Table 3 Comparison of the radii of the LQG-inspired compact objects with MIT-bag model EoS and central density \(\rho _0=1.65\times 10^{15} \ \mathrm{g}/\mathrm{cm}^3\) for different values of the bag constant B in units \(\mathrm{MeV}{/}\mathrm{fm}^3\). Masses are in units of solar masses, radii are in km, densities are in \(\mathrm{g}/\mathrm{cm}^3\)

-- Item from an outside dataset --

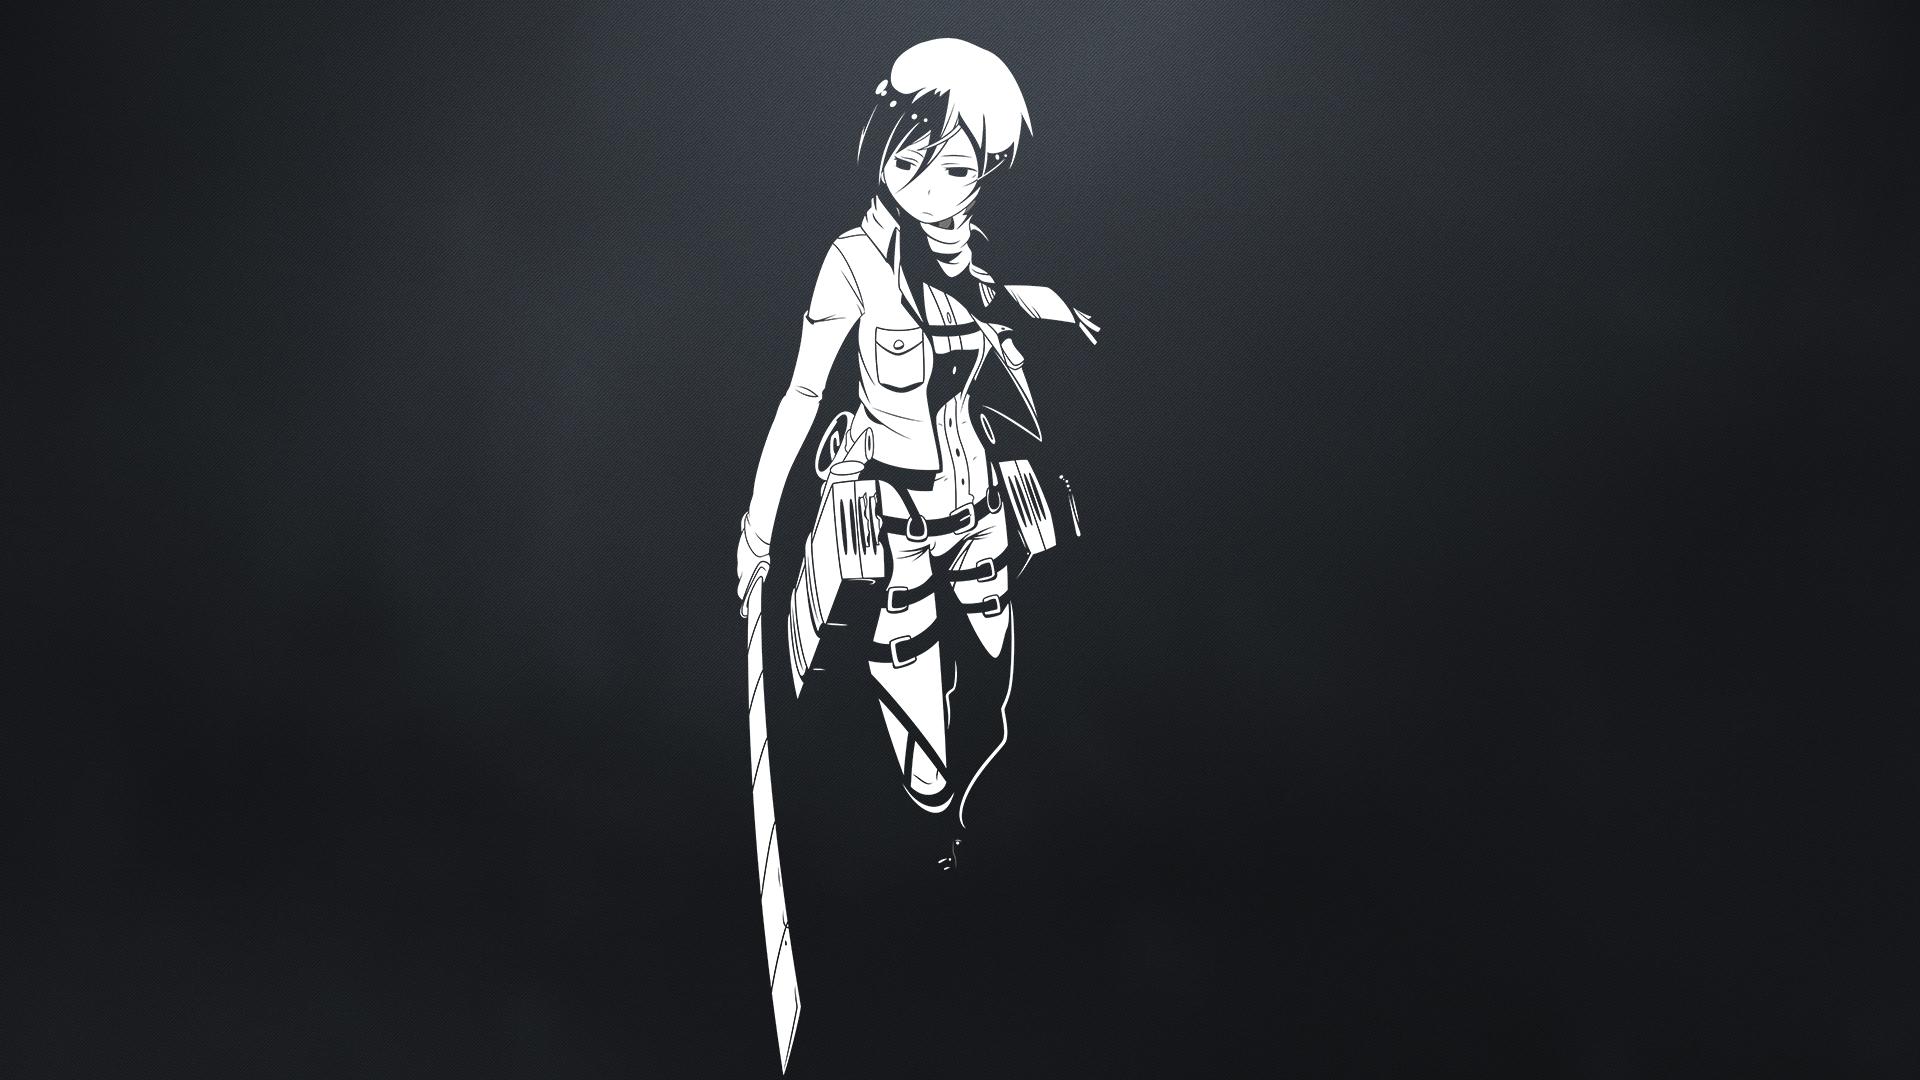 Wallpaper Shingeki No Kyojin Mikasa Ackerman Anime Girls 1920x1080 Mm88 1380019 Hd Wallpapers Wallhere

Figure 6 shows the comparison of the pressure profiles for this model for different choices of the critical density. We take the same value of the classical central density as \(\rho _0=1.65\times 10^{15} \ \mathrm{g}/\mathrm{cm}^3\) and for different values of \(\rho _{\mathrm{cr}}\) we obtain objects with different size and total mass. Then a critical density of the order of \(\rho _\mathrm{cr}=1.5\times 10^{16} \ \mathrm{g}/\mathrm{cm}^3\) produces an increase of roughly 1% in the radius of the object while the mass increases by roughly 5% (see Table 3).

The robustness of the result can be checked by choosing different values of the bag constant B of 60 and \(70 \ \mathrm{MeV}/\mathrm{fm}^3\). We see from Table 3 that the qualitative behavior presented in Fig. 5 does not change for these values of B. The values of the NS mass and radius summarized in Table 3 are consistent with this behavior.

Fig. 7

Mass–radius relation for compact objects with ECT-inspired corrections and MIT-bag equation of state \(B=50\ \mathrm{MeV}/\mathrm{fm}^3\). The solid curve (1) shows the purely relativistic case. The dashed curve (2) is obtained for \(\rho _{\mathrm{cr}}= 5\times 10^{17} \ \mathrm{g}/\mathrm{cm}^3\), the dotted curve (3) is obtained for \(\rho _{\mathrm{cr}}=2.5\times 10^{17} \ \mathrm{g}/\mathrm{cm}^3\), the dash-dotted curve (4) is obtained for \(\rho _{\mathrm{cr}}= 10^{17} \ \mathrm{g}/\mathrm{cm}^3\)

Table 4 Comparison of the radii of ECT-inspired compact objects with MIT-bag model EoS and central density \(\rho _0=6.5\times 10^{14} \ \mathrm{g}/\mathrm{cm}^3\) for different values of the bag constant B in units \(\mathrm{MeV}{/}\mathrm{fm}^3\). Masses are in units of solar masses, radii are in km, densities are in \(\mathrm{g}/\mathrm{cm}^3\)

ECT-inspired corrections

Similarly to the LQG-inspired case, the introduction of ECT-inspired effects to the mass–radius relation for a quark star with MIT-bag EoS may alter the maximum allowed mass for the compact objects. However, similarly to what was found in the polytropic case, the maximum allowed mass for a compact object with ECT-inspired corrections becomes lower with respect to the purely classical case. This is again due to the fact that the effective pressure takes the form given in Eq. (20).

Fig. 8

Pressure profile for compact objects with ECT-inspired corrections and MIT-bag equation of state \(B=50\ \mathrm{MeV}/\mathrm{fm}^3\). The comparison is done for models that have the same classical central density \(\rho _0=6.5\times 10^{14} \ \mathrm{g}/\mathrm{cm}^3\). See Table 4 for details

In Fig. 7 we show the mass–radius relation for quark stars with MIT-bag model EoS and ECT-inspired corrections given by Eqs. (19) and (20) with different values of the critical density. Critical densities \(\rho _{\mathrm{cr}}\) of \(\simeq 10^{17} \ \mathrm{g}/\mathrm{cm}^3\) are enough to induce changes of \(\sim 3\%\) in the mass and \(\sim 1\%\) in the radius of the object (see Table 4 for details; Fig. 8).

Again, the qualitative behavior described in Fig. 7 above is not altered by changing the value of the bag constant and the comparison of models with different values of B is given in Table 4.